Fatty fish such as salmon and mackerel incorporate the marine omega-3 fatty acids docosahexaenoic acid (DHA) and eicosapentaenoic acid (EPA). Relatively high fatty fish intake has been shown to be associated with reduced risk of breast cancer and improved survival. Now a new meta-analysis of previous studies has confirmed that relatively high marine fatty acid intake is associated with a significant reduction in breast cancer risk.
Latest research confirms that marine fatty acid consumption can reduce risk
The meta-analysis referenced at the beginning of this news story was designed to examine the associations between intake of marine and other omega-3 fatty acids and breast cancer risk. In addition, the authors attempted to evaluate the potential dose-response relation. To conduct the study, the authors used the PubMed and Embase databases, selecting 21 prospective studies including 20,905 breast cancer cases through year-end 2012. Intake of DHA and EPA from fish oil supplements were included in the analysis.

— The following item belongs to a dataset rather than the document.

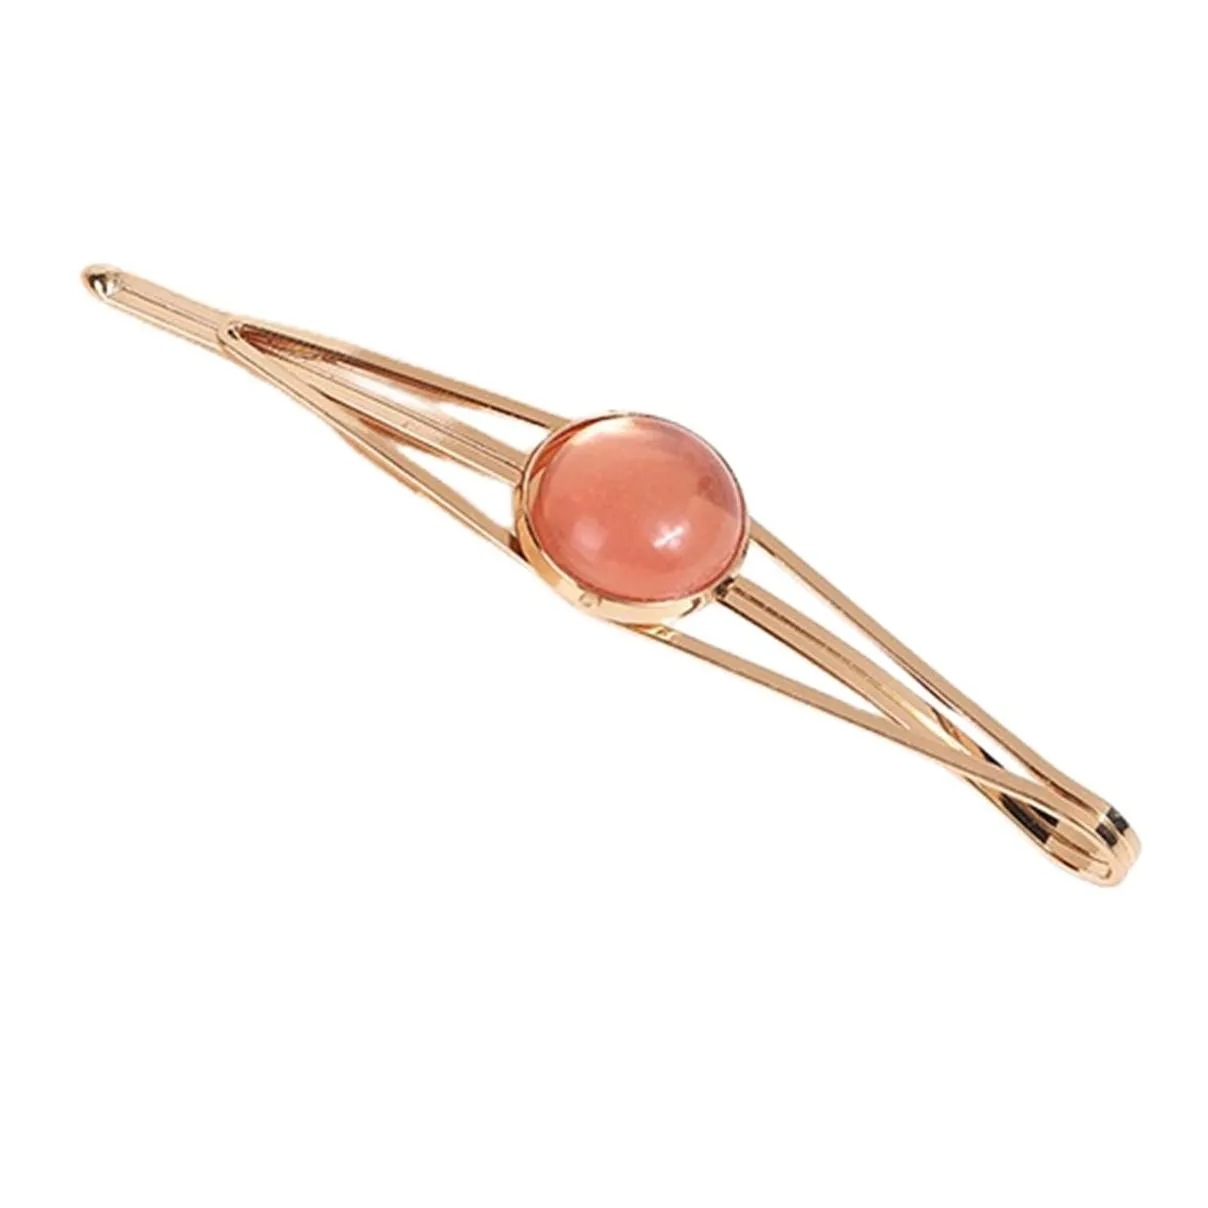 Fashionable Gold Alloy Hair Slide Clips With Colorful Natural Gemstone Beads For Womens

Relatively high marine fatty acid intake was found to be associated with a 14% reduction in breast cancer risk. The relative risk was similar whether intake was based on diet or measured in tissue. The inverse association between marine fatty acids and breast cancer risk was more pronounced in studies that did not adjust for body mass index (BMI) than in studies that did adjust for it.

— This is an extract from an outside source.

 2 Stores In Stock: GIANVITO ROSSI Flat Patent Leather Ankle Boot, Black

The risk of breast cancer was found to be reduced by 5% for each 0.1g per day or 0.1% of energy per day increment of dietary marine fatty acid intake. On the other hand, when overall fish intake (which includes non-fatty fish) or omega-3 from nut and vegetable sources (alpha-linolenic acid) were analyzed, no significant associations with breast cancer risk were found. The authors commented separately that this result could be partially because of geographic differences in consumption, especially between Asian and Western populations. The authors conclude that higher consumption of dietary marine omega-3 fatty acids is associated with reduced risk of breast cancer. The associations of overall fish and alpha-linolenic acid intake with risk warrant further investigation.